The balance between code, music and body isn't accidental. It reflects a deliberate philosophy about what high performance actually requires.
Wilinski's most counterintuitive insight is the one that gives this piece its name — and the one most at odds with standard productivity advice.
He does not wake at 6 a.m. to tick off tasks. He tried it. It didn't work. Instead, his schedule is what he calls "flow-based" — structured around reading his own energy levels and leaning into them rather than overriding them with a fixed plan. "It's essential to listen to your own body, your mind, and try to adapt and surf on those 'tides of moods,'" he says. "If you feel like it's not the best day to work out because you just feel weak, then don't do it. If you feel like 'today is the day, I'm going to deliver 20 sprint points,' then go ahead."

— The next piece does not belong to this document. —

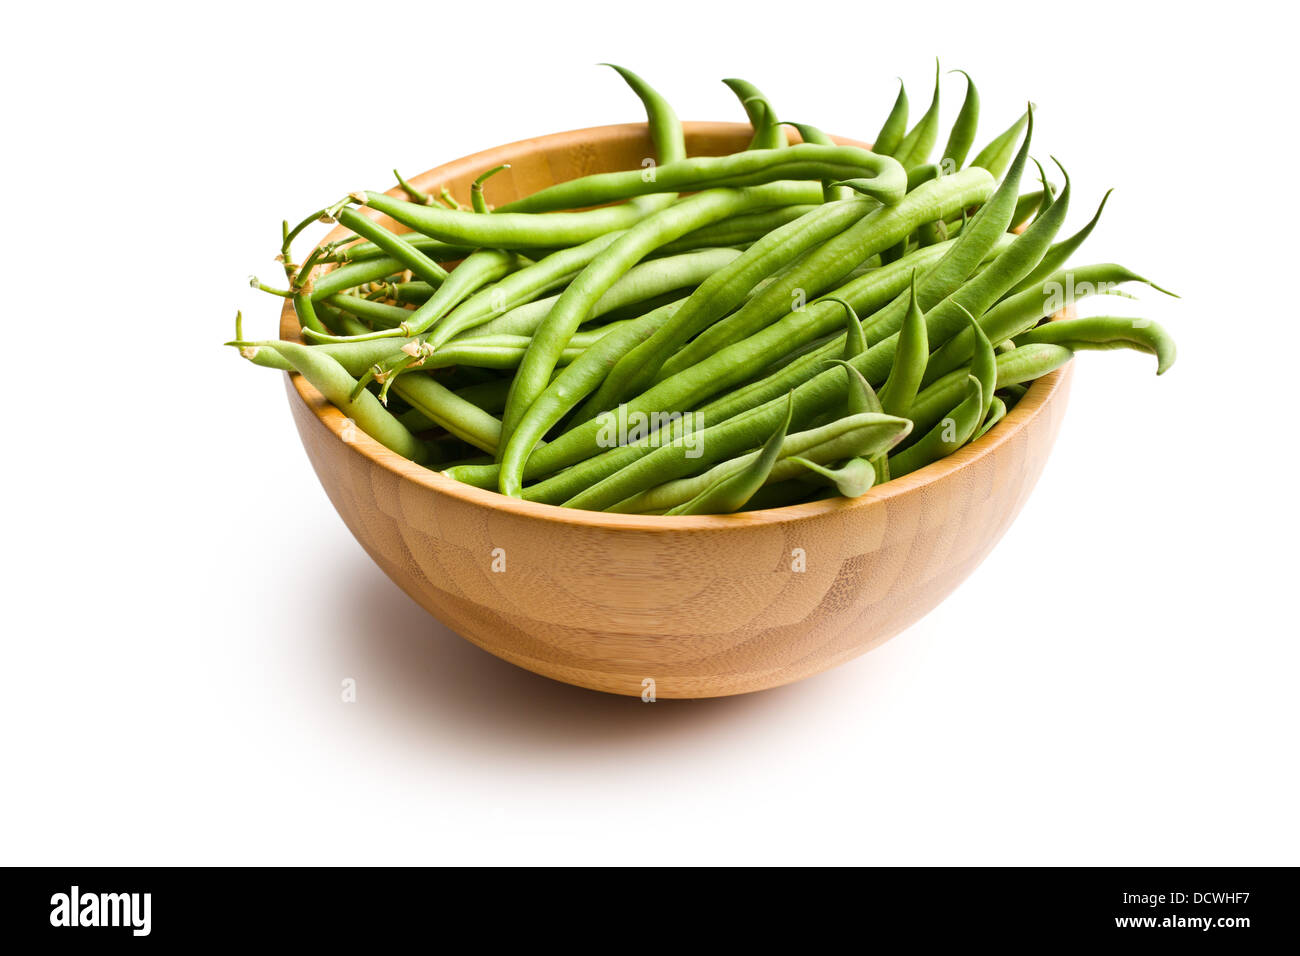 the fresh green beans in wooden bowl Stock Photo
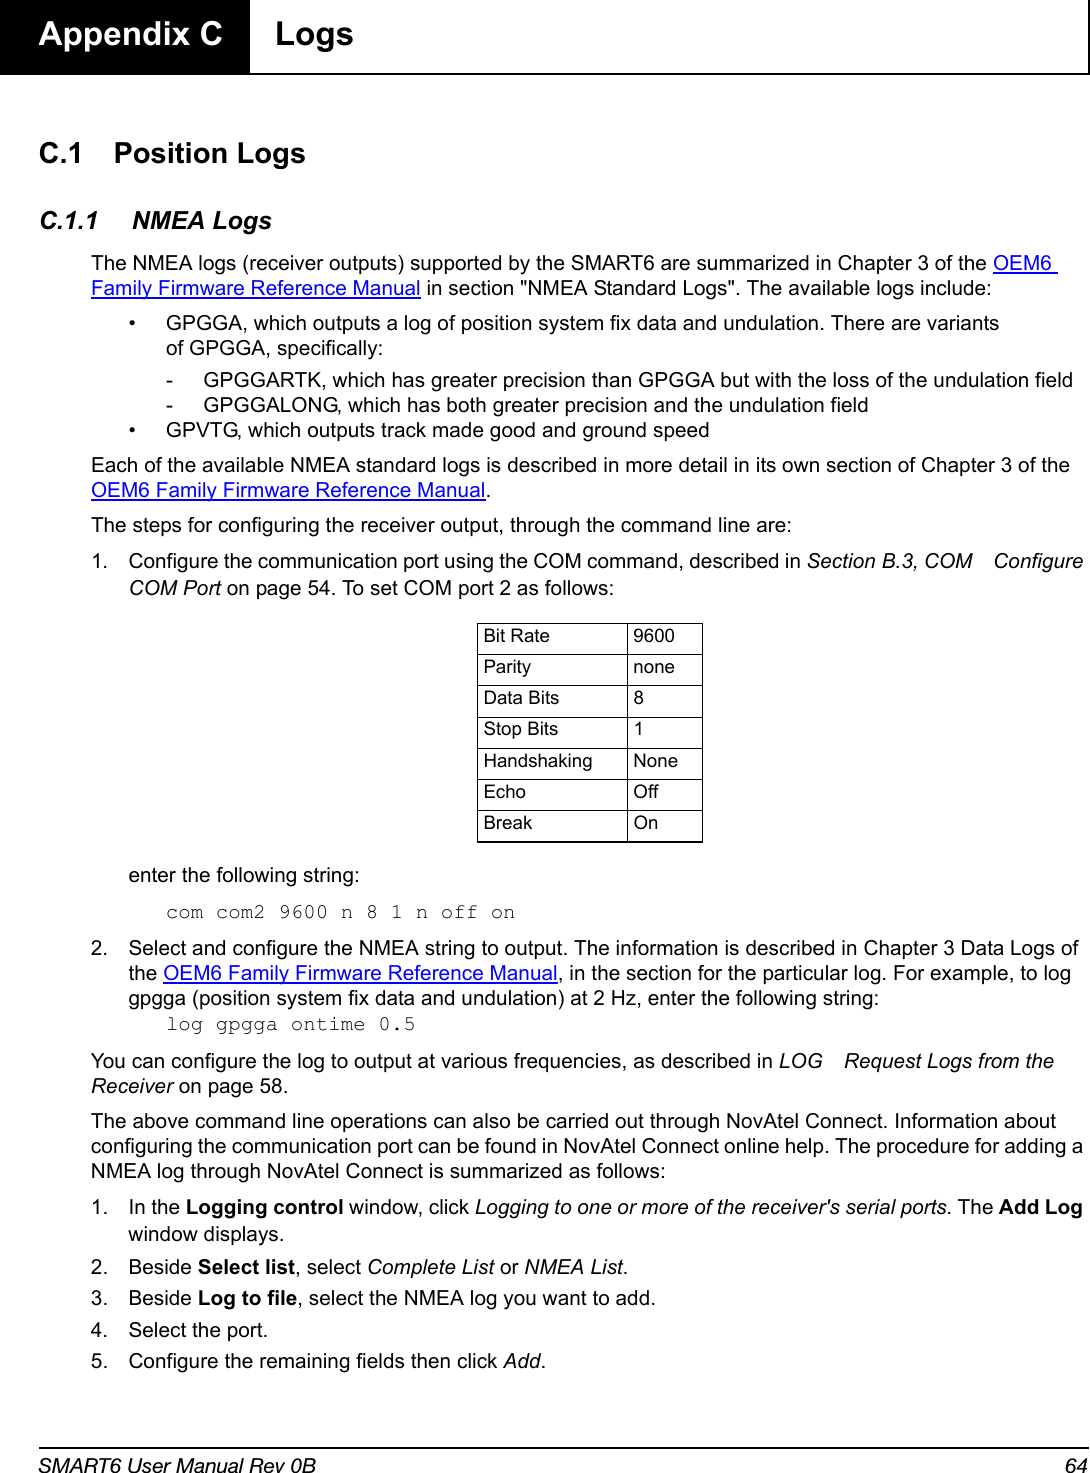 SMART6 User Manual Rev 0B 64Appendix C  LogsC.1 Position LogsC.1.1 NMEA LogsThe NMEA logs (receiver outputs) supported by the SMART6 are summarized in Chapter 3 of the OEM6 Family Firmware Reference Manual in section &quot;NMEA Standard Logs&quot;. The available logs include:• GPGGA, which outputs a log of position system fix data and undulation. There are variants of GPGGA, specifically:- GPGGARTK, which has greater precision than GPGGA but with the loss of the undulation field- GPGGALONG, which has both greater precision and the undulation field • GPVTG, which outputs track made good and ground speedEach of the available NMEA standard logs is described in more detail in its own section of Chapter 3 of the OEM6 Family Firmware Reference Manual.The steps for configuring the receiver output, through the command line are:1. Configure the communication port using the COM command, described in Section B.3, COM Configure COM Port on page 54. To set COM port 2 as follows:enter the following string:com com2 9600 n 8 1 n off on2. Select and configure the NMEA string to output. The information is described in Chapter 3 Data Logs of the OEM6 Family Firmware Reference Manual, in the section for the particular log. For example, to log gpgga (position system fix data and undulation) at 2 Hz, enter the following string:log gpgga ontime 0.5You can configure the log to output at various frequencies, as described in LOG Request Logs from the Receiver on page 58.The above command line operations can also be carried out through NovAtel Connect. Information about configuring the communication port can be found in NovAtel Connect online help. The procedure for adding a NMEA log through NovAtel Connect is summarized as follows:1. In the Logging control window, click Logging to one or more of the receiver&apos;s serial ports. The Add Log window displays.2. Beside Select list, select Complete List or NMEA List.3. Beside Log to file, select the NMEA log you want to add.4. Select the port.5. Configure the remaining fields then click Add.Bit Rate 9600Parity noneData Bits 8Stop Bits 1Handshaking NoneEcho OffBreak On

The approach demands something harder than a rigid routine: self-trust. He has to know he can still meet deadlines without a calendar alarm telling him when to start. That confidence, he says, came from putting himself through extreme pressure early on — sleeping five hours a night while working full-time, studying full-time and building his own projects simultaneously. That sustained overload forced him to develop a filter: to figure out what actually mattered and what could be cut.
The one experiment that failed completely was the to-do list. He found that the sight of uncompleted tasks corroded his sense of self. "Waking up with 4 undone tasks from yesterday, as well as 22 tasks left to do today — that's a terrible feeling," he says. He returned to the flow method, with small adjustments to keep his output more predictable for the teams depending on him.
What does he want to build next — in code, in music, in life? He's honest about not knowing. His answer is the work itself: to keep creating, keep meeting people and keep showing up with passion. For an engineer who began by reinventing the wheel at 17 — and made 2 million people glad he did — that's not a non-answer. It's a method.